Although genotype concordance analysis experiments using different sequencing and genotyping platforms have been performed previously [2, 8], no reports on attempts to explain the observed differences were made. Here we tried to scrutinize the underlying genotyping process proxy such as genotyping quality metrics to find a possible explanation for the discordance pattern. Unfortunately, the genotyping discordance of the observed levels (less than 1%) is usually an underestimation, and does not motivate investigations into the nature of the discordant genotype calling. However, we show that discordant genotypes tend to form clusters in a 2-dimensional space, where the most vivid dimensions are the genotyping quality and technical metrics obtained from the BeadChip genotyping pipeline. Therefore, speculation on possibly lower precision of the BeadChip genotyping platform, as compared to WGS-based pipelines, might find a new conceivable basis upon further investigation. Genotype assignment in the array pipelines is based on marker clustering in a 2-dimensional space (clusters A/A, A/B, B/B), which might happen to be erroneous due to poor cluster separation. This clusterization problem may possibly be solved by incorporating additional dimensions into the analyzed genotyping metrics space, which can be exploited for enhancement of the BeadChip genotyping pipeline upon further investigation and vast Sanger validation of the variants.

Conclusions

Here we show the presence of some parametric differences in quality metrics of genotyping performed by WGS and BeadChip. This phenomenon warrants comprehensive investigation by combining genotyping metrics produced by WGS and BeadChip pipelines and extracting patterns in the observed discordance. In clusters, Sanger validation should be performed for genotype resolution.

Methods

Materials

Three human genomic DNA samples, two males and one female, were selected for this comparison. After collection by Oragene DNA saliva-based collection device (DNA Genotek, Canada), genomic DNA was extracted as per the manufacturer protocol and stored frozen in Tris-EDTA buffer at − 20 °C until genotyping was performed.

BeadChip genotyping

Infinium iSelect 24 × 1 HTS Custom Beadchip Kit (GSAsharedCUSTOM_20018389_A2) genotyping was performed using 50 ng of genomic DNA. Microarray fluorescence was scanned using the Illumina iScan system, and the genotype calling was executed using the Illumina GenomeStudio Genotyping Module software (Illumina, USA). No imputation was implemented, and only variants successfully genotyped on the specified array were used in the analysis.
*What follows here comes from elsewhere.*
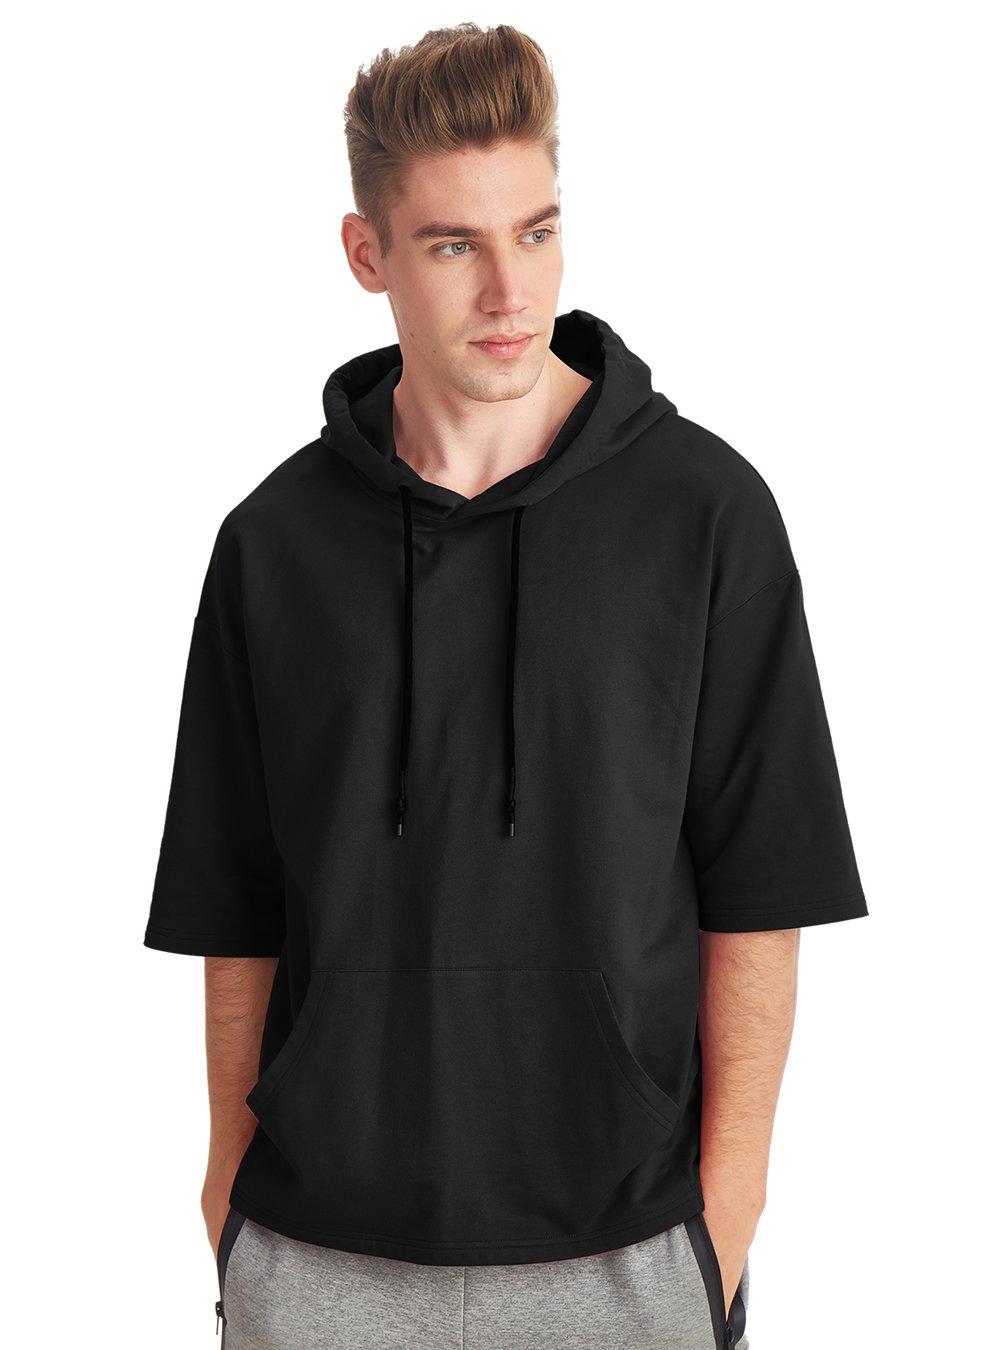 Zengjo Men's Short Sleeve Active Sportwear Hip Hop Sweatshirt Solid Fashion Hoodie T-Shirt (XXL, Black)

Genome sequencing and variant calling

Whole genome sequencing was performed by MedGenome (CA, USA) using the HiSeq X Ten platform (Illumina, USA) utilizing a 150 base-pair (bp) paired-end protocol. The raw FASTQ files were evaluated using FastQC software (Babraham Institute, UK). A proprietary WGS data processing pipeline was designed to process NGS data in automated mode from raw FASTQ files to finalized genotyping data. The pipeline implemented adapter trimming using Trimmomatic [9], BWA MEM [10] alignment to the GRCh38 build of the human genome, duplicate reads marking by Picard (Broad Institute, USA), filtering of the resulting SAM/BAM files via SAMtools [11, 12]. It also utilized GATK tools (Broad Institute, USA) to perform base quality score recalibration (BQSR), genotype calling and variant quality score recalibration (VQSR). GATK VariantAnnotator and BCFtools were employed to perform variant annotation. The pipeline implemented several hard filtering procedures resulting in a final VCF output with all variant and non-variant sites which passed quality control of the filtering step. The pipeline was designed in compliance with GATK Best Practices recommendations for NGS data processing. Single nucleotide variants (SNVs) and indels were called using GATK HaplotypeCaller with subsequent VQSR using a threshold of 99.9, HapMap 3.3, 1000G Omni 2.5, 1000G Phase 1 High Confidence and dbSNP build 151 training sets for SNV mode and Mills and 1000G Gold Standard Indels with dbSNP build 151 training sets for INDEL mode.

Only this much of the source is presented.